This issue is due to a limitation associated with the Delaunay-based linear interpolation technique, which is not necessarily unique. In other words, certain datasets can be triangulated in different ways and still respect the Delaunay criterion.
To illustrate, a rectangle can be triangulated by two triangles. However, the triangles can be arranged in two ways: with the diagonal downwards \ or upwards /. Both are perfectly valid Delaunay triangulations. Linear interpolation is calculated across these triangular surfaces, and thus interpolations can differ depending on the triangulation.
Furthermore, the Qhull-based "griddata" adds noise to perturb the data set each time the triangulation is performed. This means that each time a degenerate dataset is evaluated using the Qhull-based "griddata" the resulting value can potentially be different. In other words the result can potentially be different when calling "griddata" repeatedly in the same session.
We have recognized this issue and we have provided a more robust and more stable solution in R2013a, namely the "scatteredInterpolant" class. Users are encouraged to use "scatteredInterpolant" instead of "griddata".
Also, if you want to interpolate over a data set that is already on a regular grid, you could use "interp2" rather than "griddata" because the sample data is not scattered. "interp2" is not susceptible to inconsistencies because the technique is not triangulation-based.

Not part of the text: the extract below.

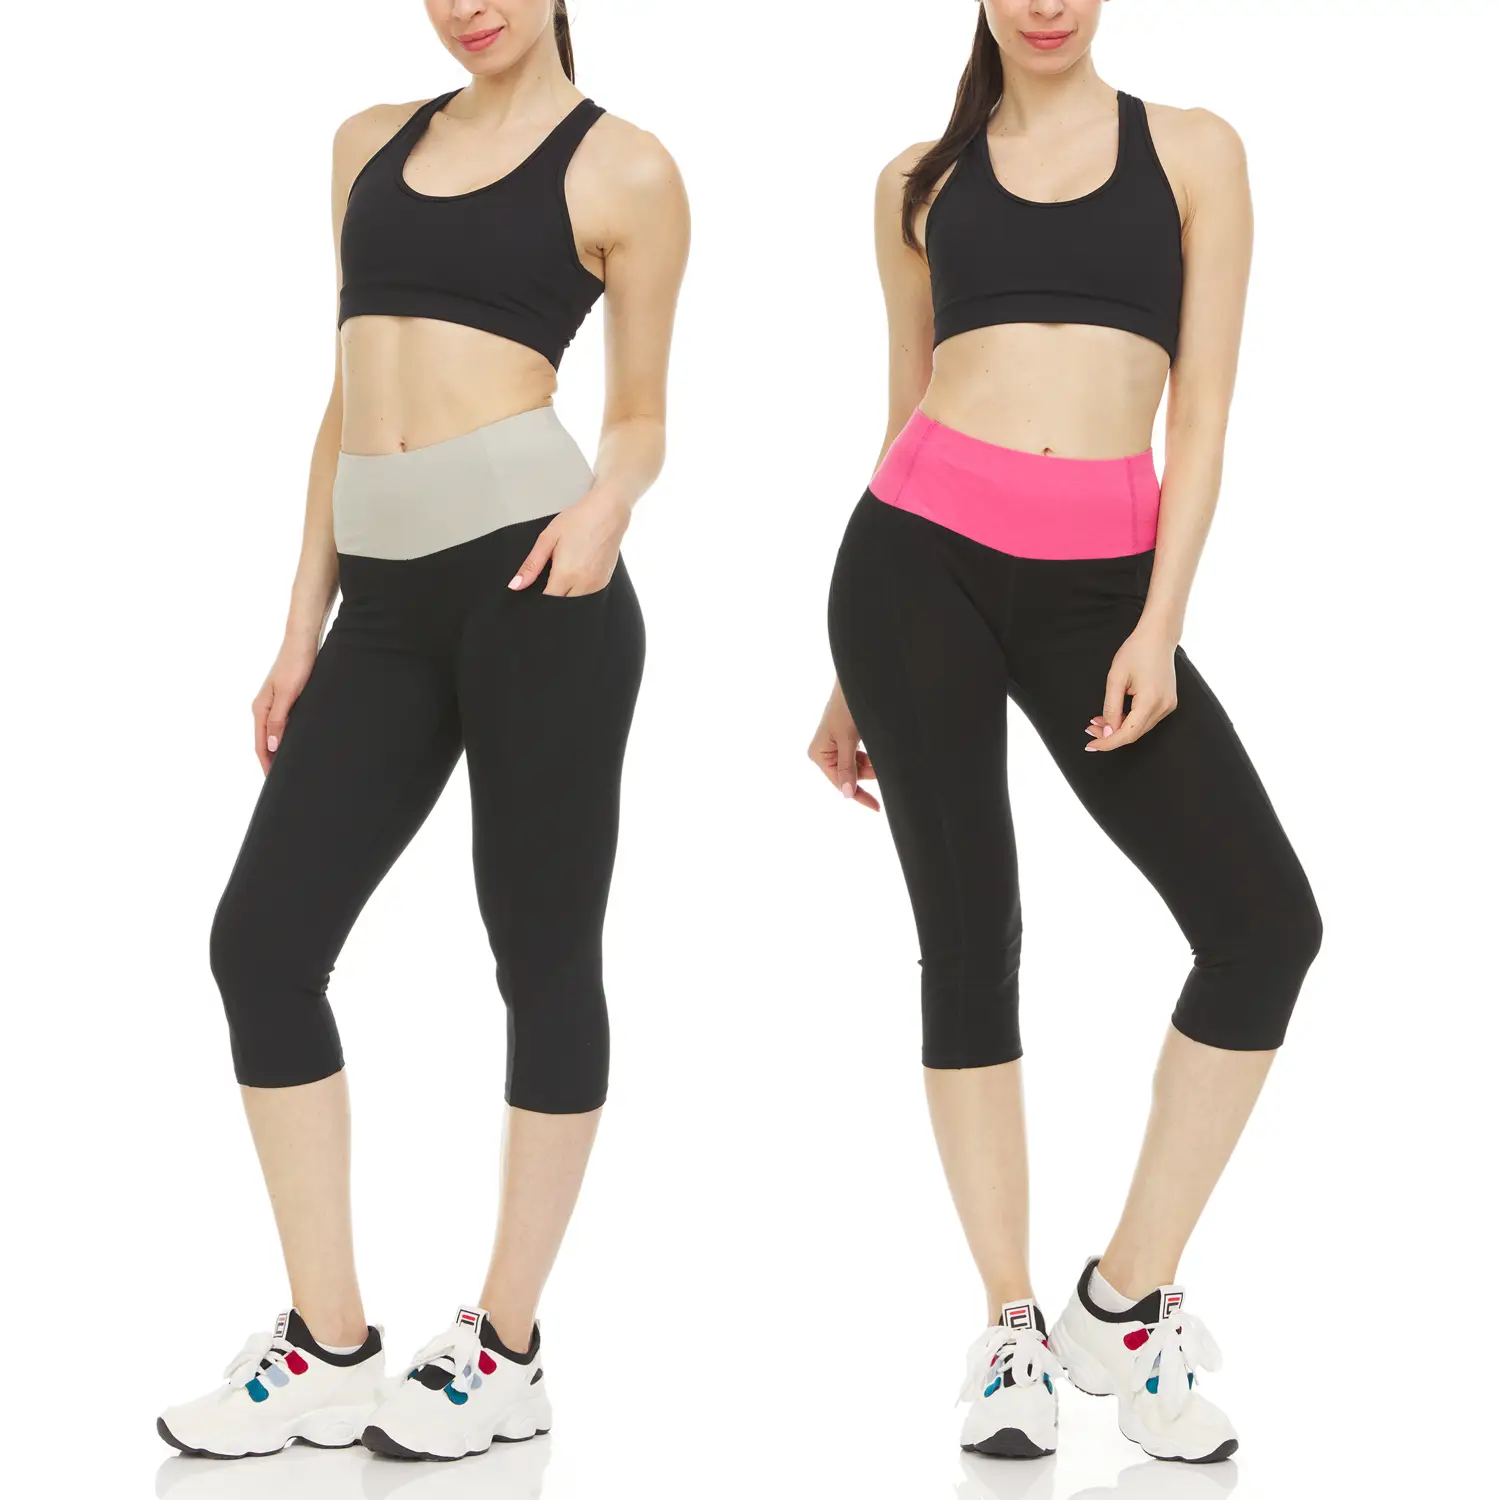 Women's Active Performance Yoga Stretch Capri Leggings Available in multi pack

For more information, you may find the following blog entry useful:
Additional information:
Both "griddata" and "scatteredInterpolant" can only interpolate data representing a single-valued function. That is, a given sample point (x,y) must correspond to a unique value z. For example, "griddata" cannot interpolate points on the surface of a sphere, but it can interpolate points on a hemisphere that is properly oriented to satisfy the single-valued constraint. "griddata" can handle duplicate values in close proximity; for example due to sampling overlap or noise, so long as the data approximates a single-valued function. The problem arises when we have data lying on opposite sides of the X-Y plane.
If a least-squares curve-fit approach to the grid data (similar to a surface fit) is needed instead of a nearest-neighbor direct interpolation, so as to make it more robust to "noisy" data - we recommend Lowess smoothing:
Note: Lowess smoothing fits a surface to the data, the name is misleading.